(Stored entries)
---+---

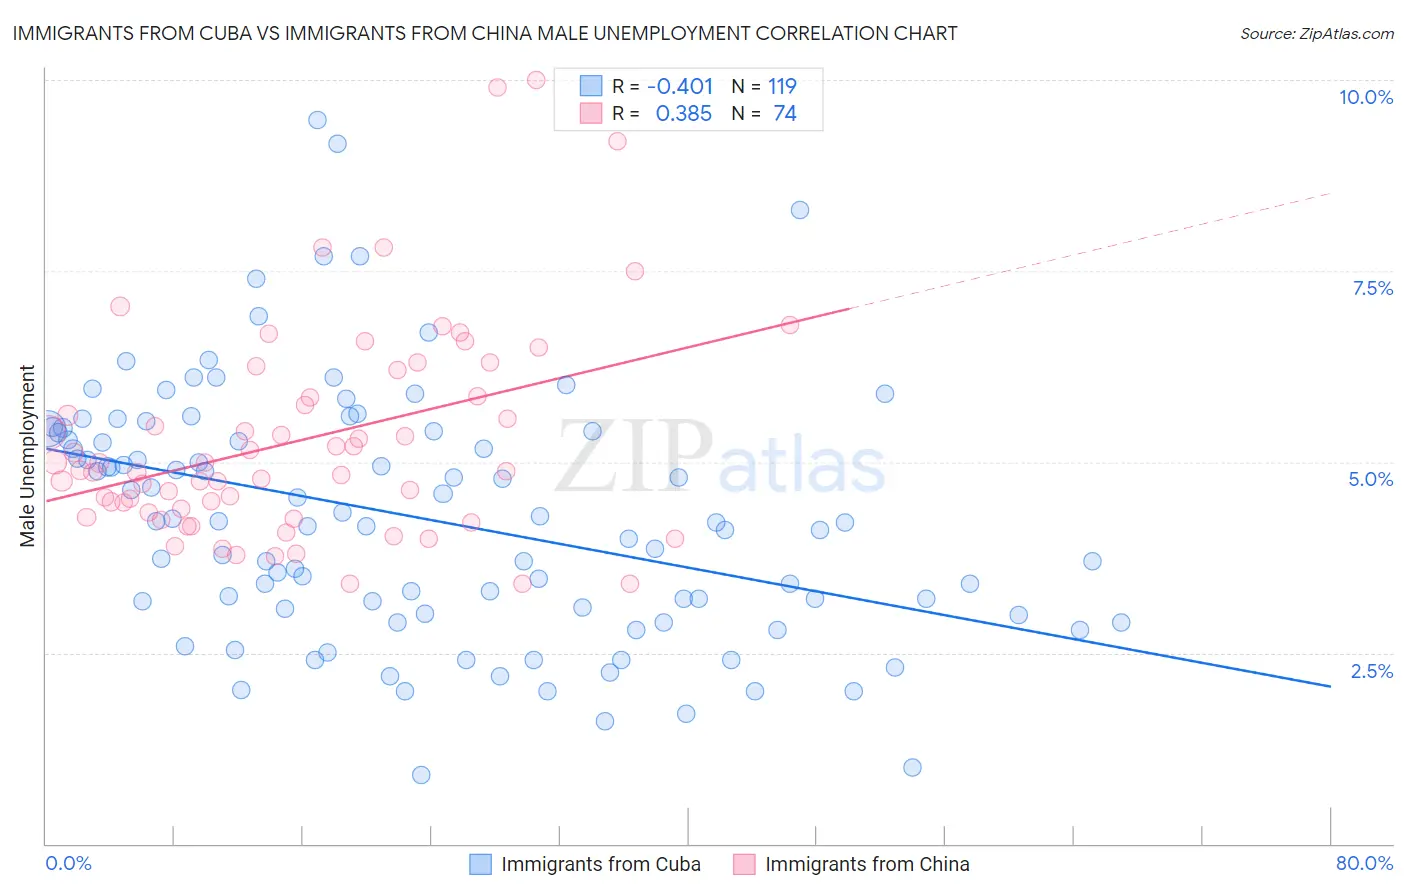 Immigrants from Cuba vs Immigrants from China Male Unemployment
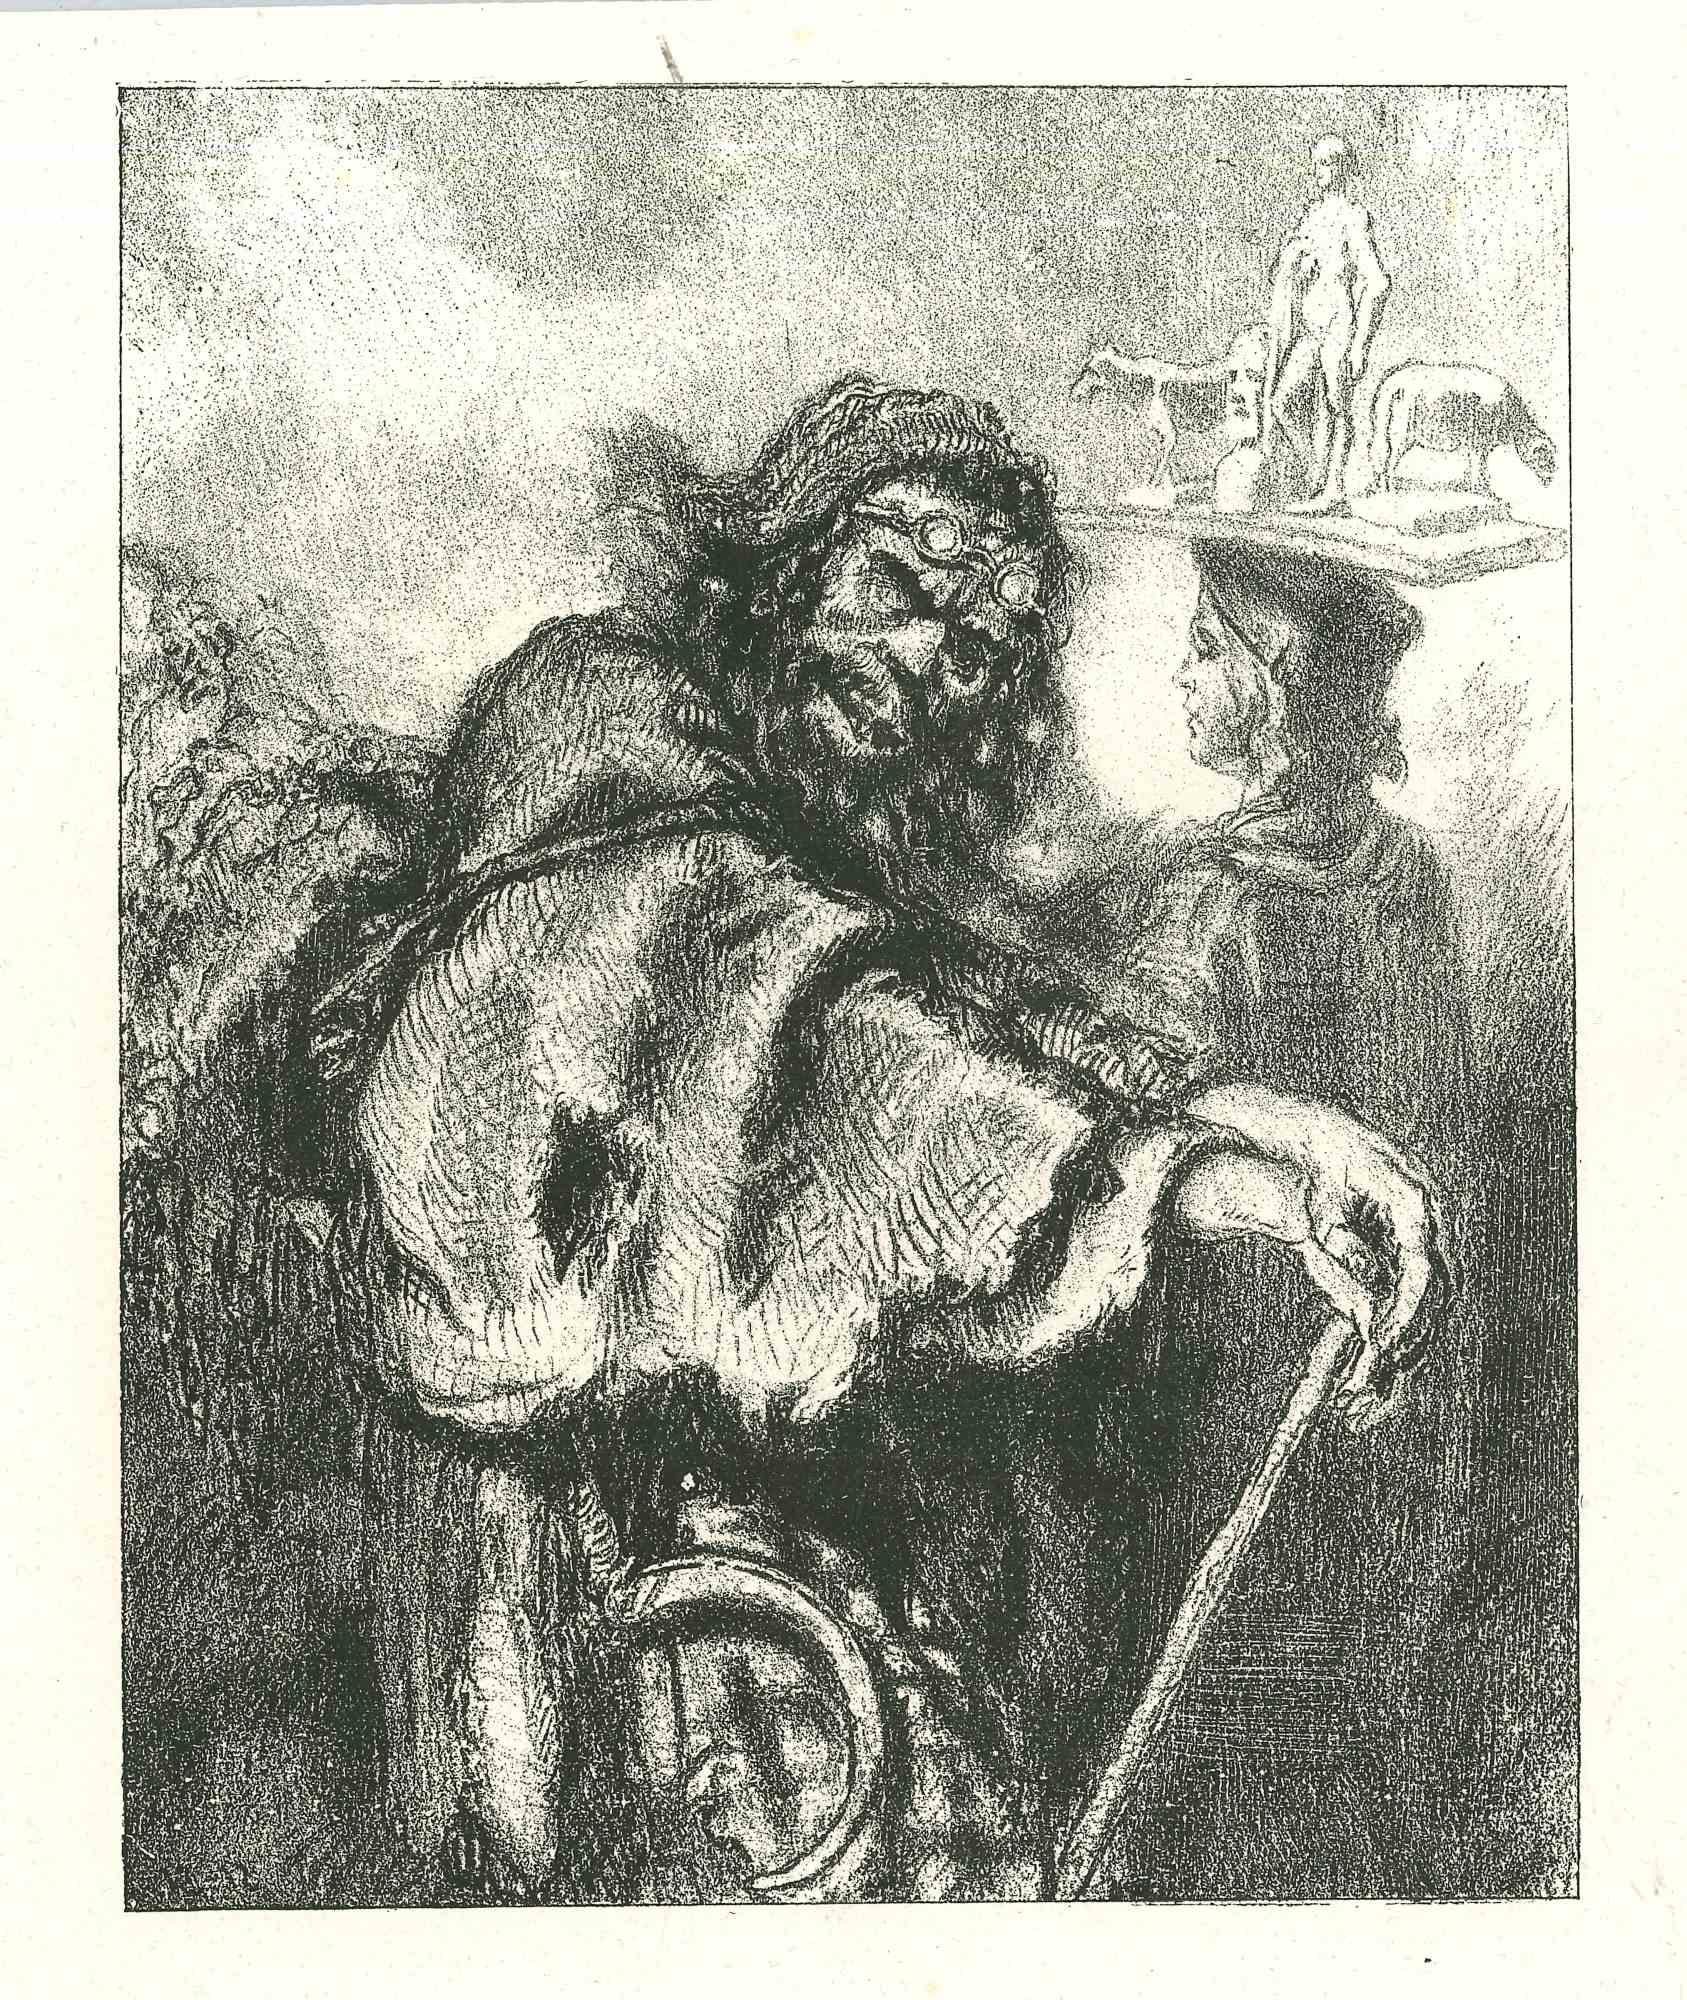 The Rage and Agony - Original Lithograph by Paul Gavarni - 1881
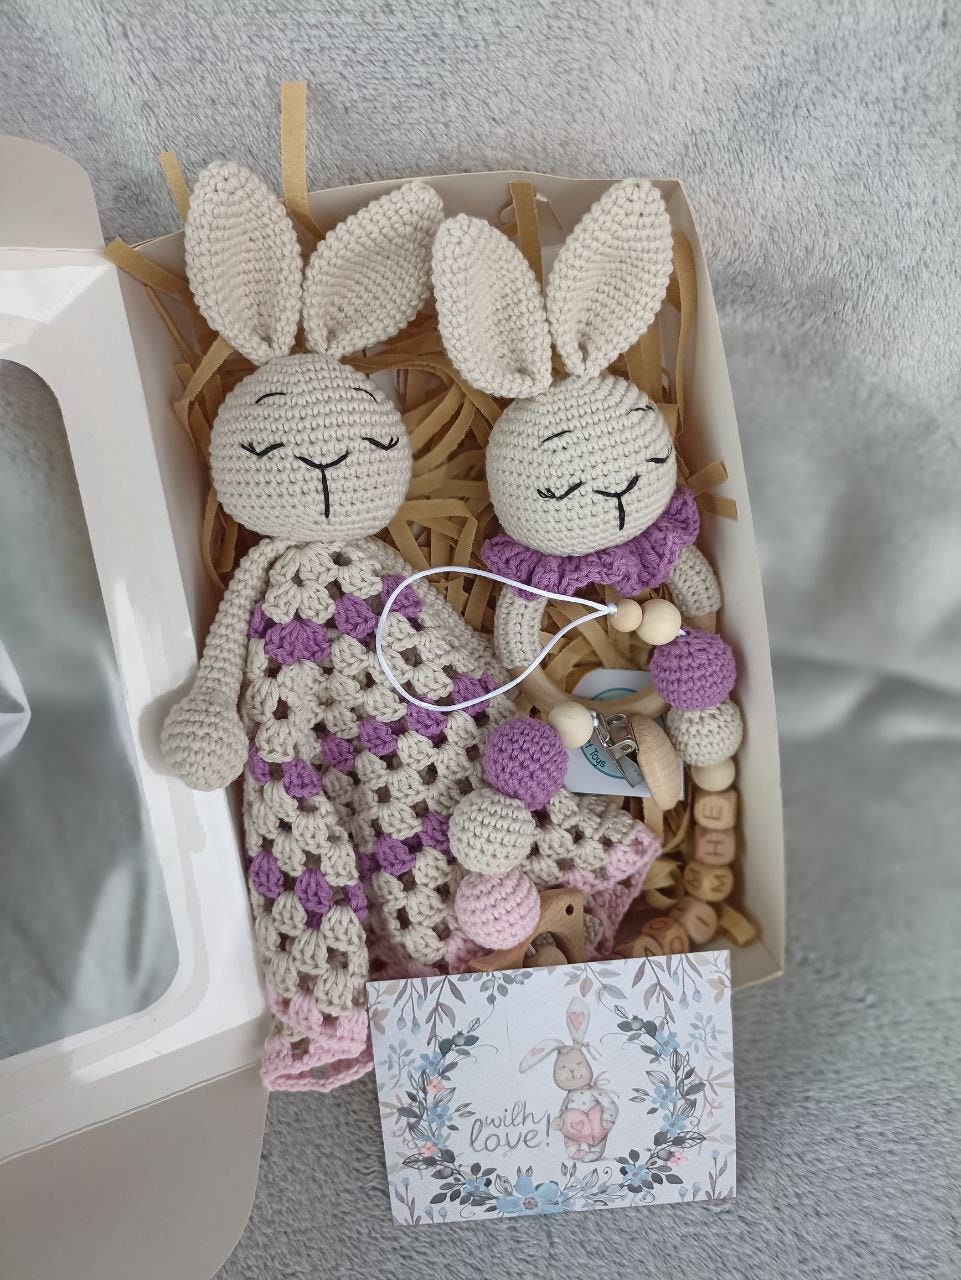 Crochet Kit Bunny, Craft Set for Adults, Amigurumi Set, Crochet Kit Beginner,  Learn to Crochet Set, Christmas Gift, Birthday Gift for Friend 
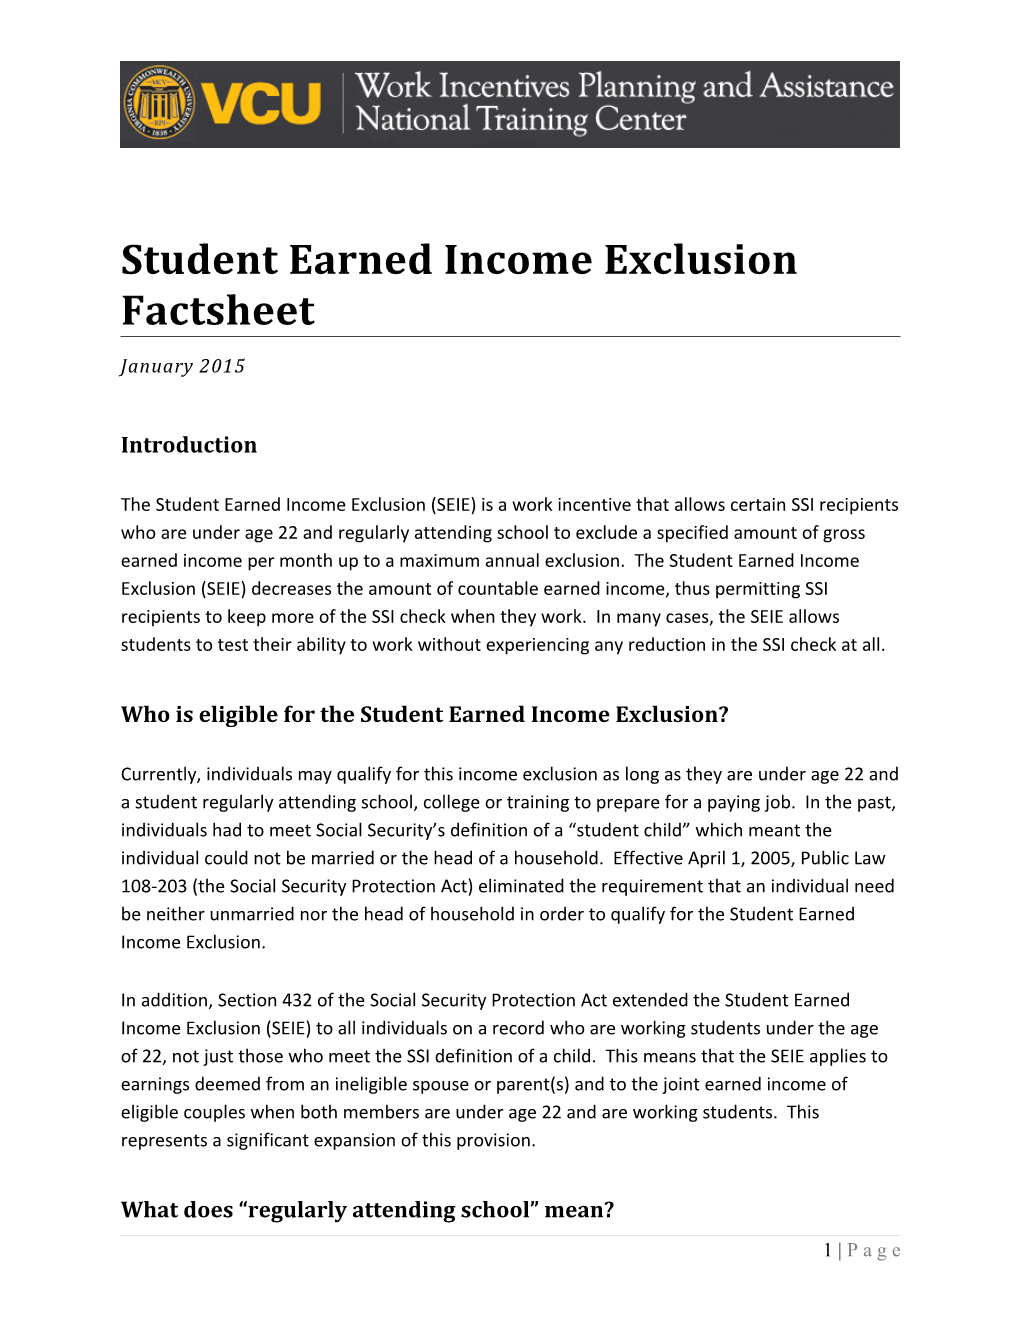 Who Is Eligible for the Student Earned Income Exclusion?
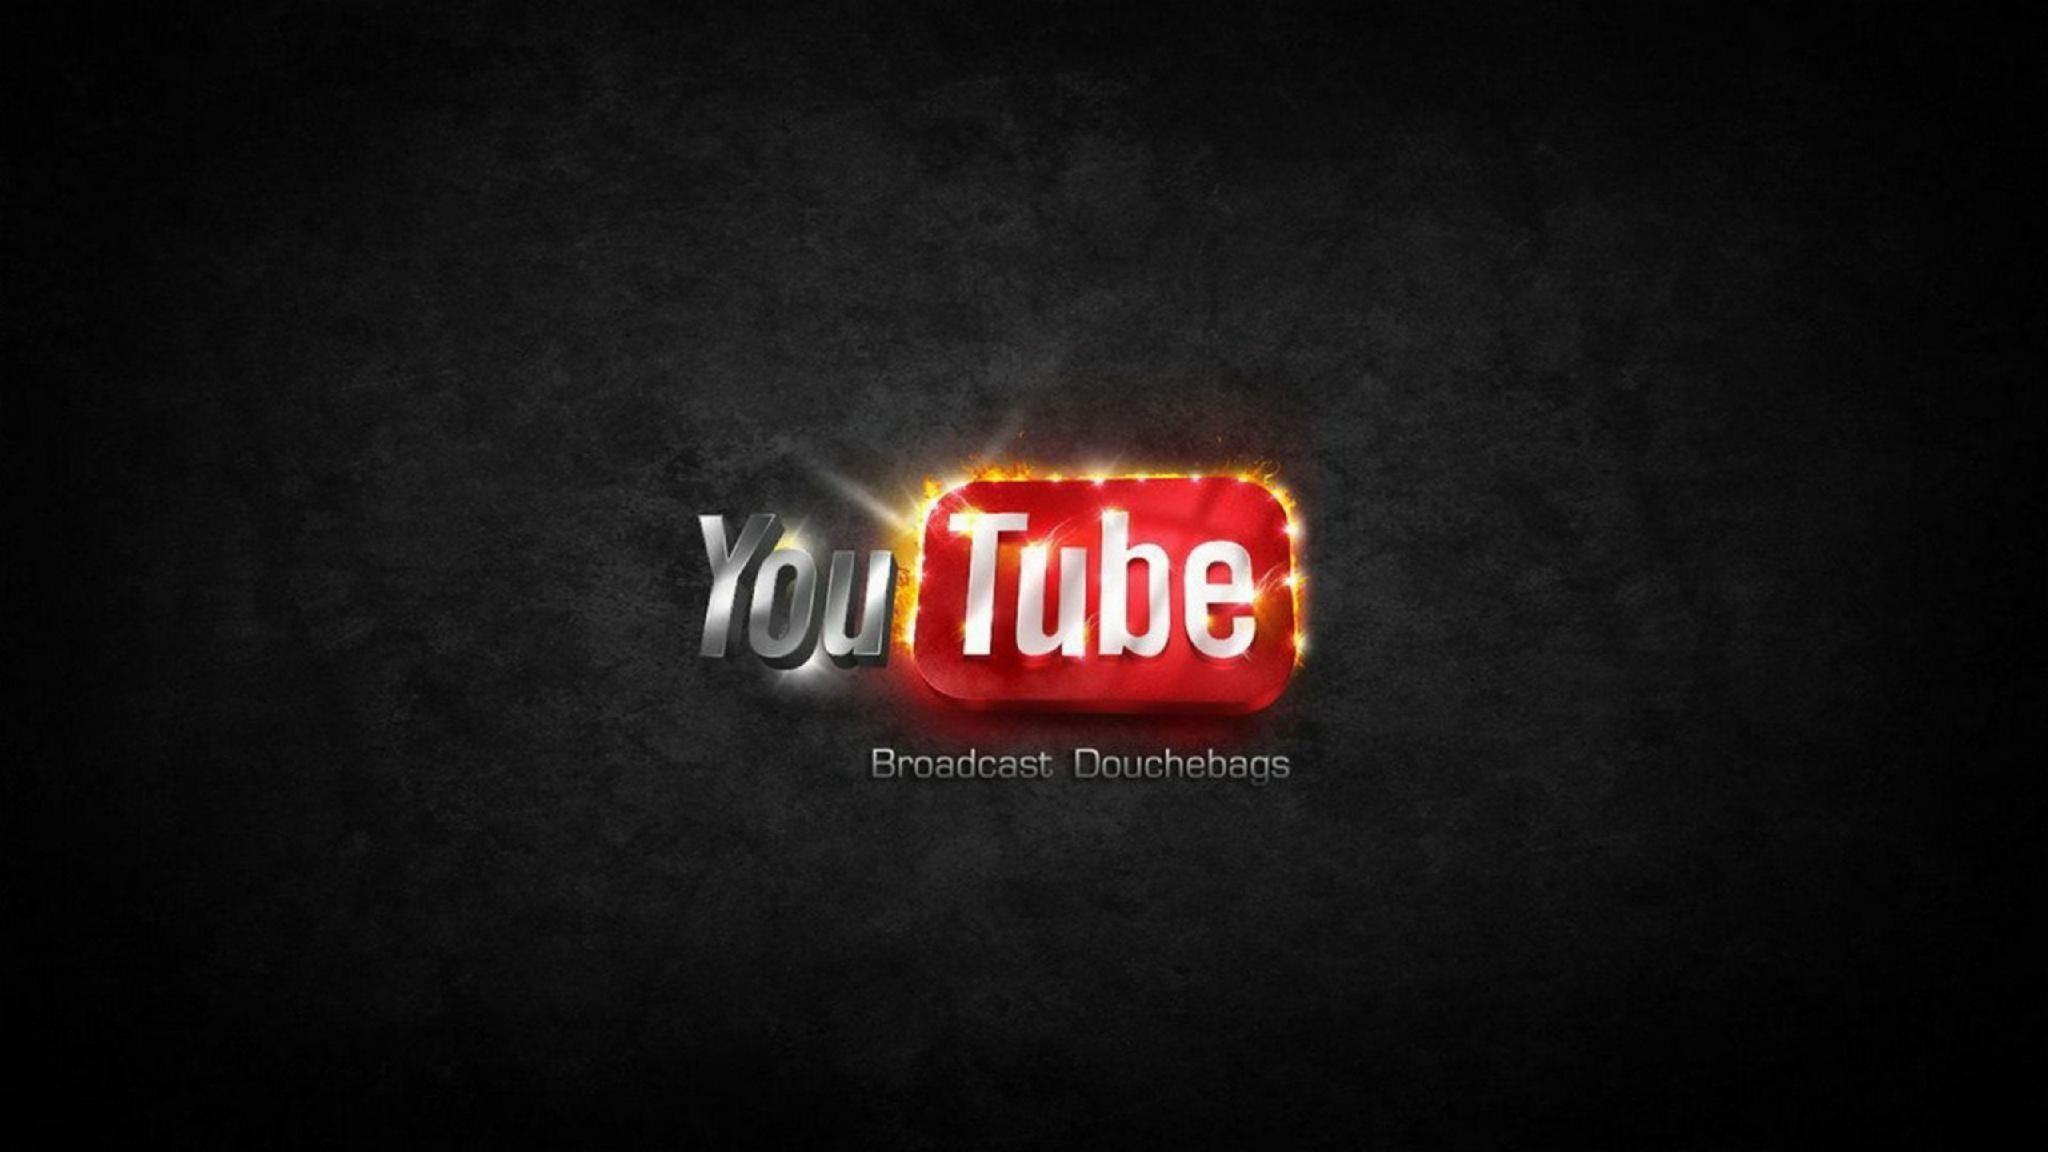 Youtube Logo Wallpapers Top Free Youtube Logo Backgrounds Wallpaperaccess

---+---

> What is expected: Write out the data exactly, but not its pictures.

> Result of the task:
 Immigrants from Cuba vs Immigrants from China Male Unemployment
 The Rage and Agony - Original Lithograph by Paul Gavarni - 1881
 Crochet Kit Bunny, Craft Set for Adults, Amigurumi Set, Crochet Kit Beginner,  Learn to Crochet Set, Christmas Gift, Birthday Gift for Friend 
 Who Is Eligible for the Student Earned Income Exclusion?
 Youtube Logo Wallpapers Top Free Youtube Logo Backgrounds Wallpaperaccess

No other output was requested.